Now those of us "with some years of Fortran experience"  THOUGHT we knew what -O1, -O2, -O3 gave us, granted that these are also macro collections of behaviors (options), now have to rethink of what these mean!  Yes, I'm not a fan of this.  And to add to this argument:   OpenMP is NOT part of the Fortran Language.  I can understand if -O options change how the compiler optimizes my Fortran code and maybe changes expression evaluation order, order of reductions, etc. BUT I do NOT expect an optimization option to PULL IN extensions to the core Language like OpenMP.  To me, I've always thought of OpenMP as "Mostly Harmless".  I can add the OpenMP directives/clauses to my code and by DEFAULT they are harmless.  But when I enable them SOMEHOW then they change behavior of my program in well understood ways.  The SOMEHOW that enables this mostly harmless directives has traditionally been using -qopenmp* (or -fopenmp* or -whatever).  That is to say, options with "openmp" in the name of the option.  But now SOMEHOW is not just one family of options but is creeping into the -O options, rendering them sausage options like -fast!   Ack!  Very unsavory, in my humble option.

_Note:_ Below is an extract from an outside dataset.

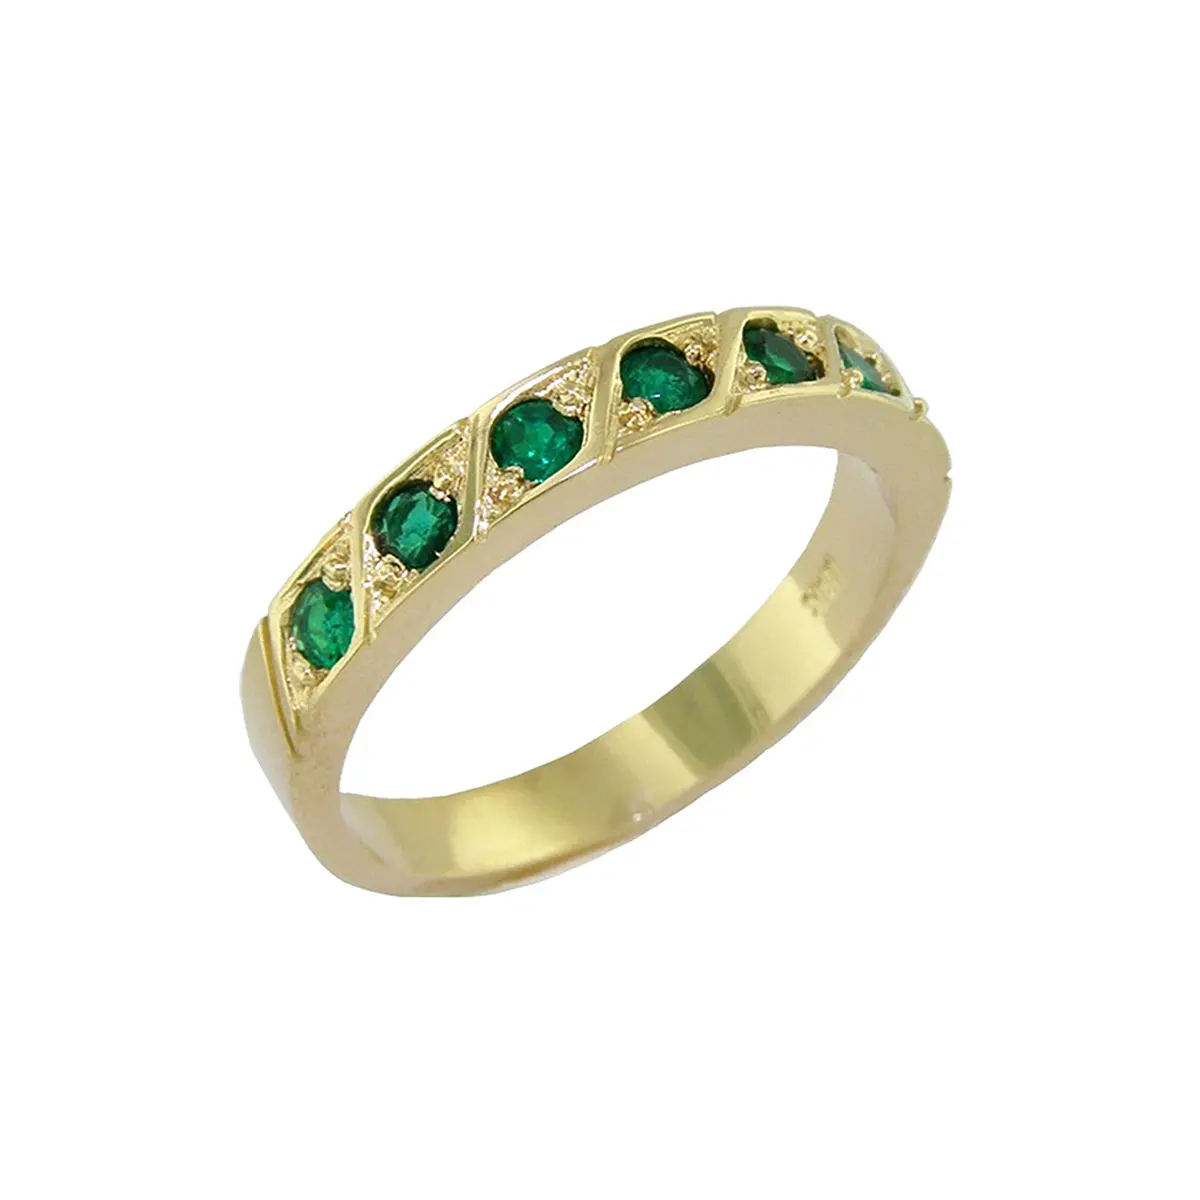 Antique Style Round Emerald Wedding Band in 18K Yellow Gold

I'll escalate this.  I'm sure it's coming from the performance and benchmarking team on the C++ side of the house.  We used to have proprietary #pragma SIMD and !dir$ SIMD with the Classic compilers.  The new LLVM compilers have dropped the Intel proprietary SIMD pragma/directive and told users to use OMP directives instead.  In this mindset, the old SIMD directives WERE enabled by default at O1 and above.  I'm sure some wise person decided that therefore OMP SIMD should likewise be recognized by the upper -O options.  Because surely if they put in SIMD options they'd want those pulled in at O1 and above.  Actually, the likely decision was  some argument along the lines of: Intel processors usually can get better performance with vectorization, hence we'll do whatever we can to vectorize your code as aggressively as possible. 

I'll let you know the outcome.




-qopenmp-simd (/Qopenmp-simd) is automatically enabled with ifort -O2 and ifx -O1 according to the Fortran DGR

To disable the OpenMP SIMD directives at higher opt levels use -qno-openmp-simd (/Qopenmp-simd-).

Black Belt



I think this/these actions were the result of the purge (forced retirement) of the old stalwarts of the design teams&committees. This left the noobs to have more weigh-in in getting a hack introduced. IMHO

  #pragma simd ...

  !dir$ simd ...


Would have been the right way of handling this.


Note, this is not to say OpenMP SIMD directives are not needed.  You will, at times, need to specify where iteration space slicing is to occur in order to take full advantage of the SIMD instructions across thread workspace. To make a chimera out of the directive is like a cross-breed pooch.


Jim Dempsey


This is fixed in IFX v2023.0.  Note that you do not need the reduction clause in IFX.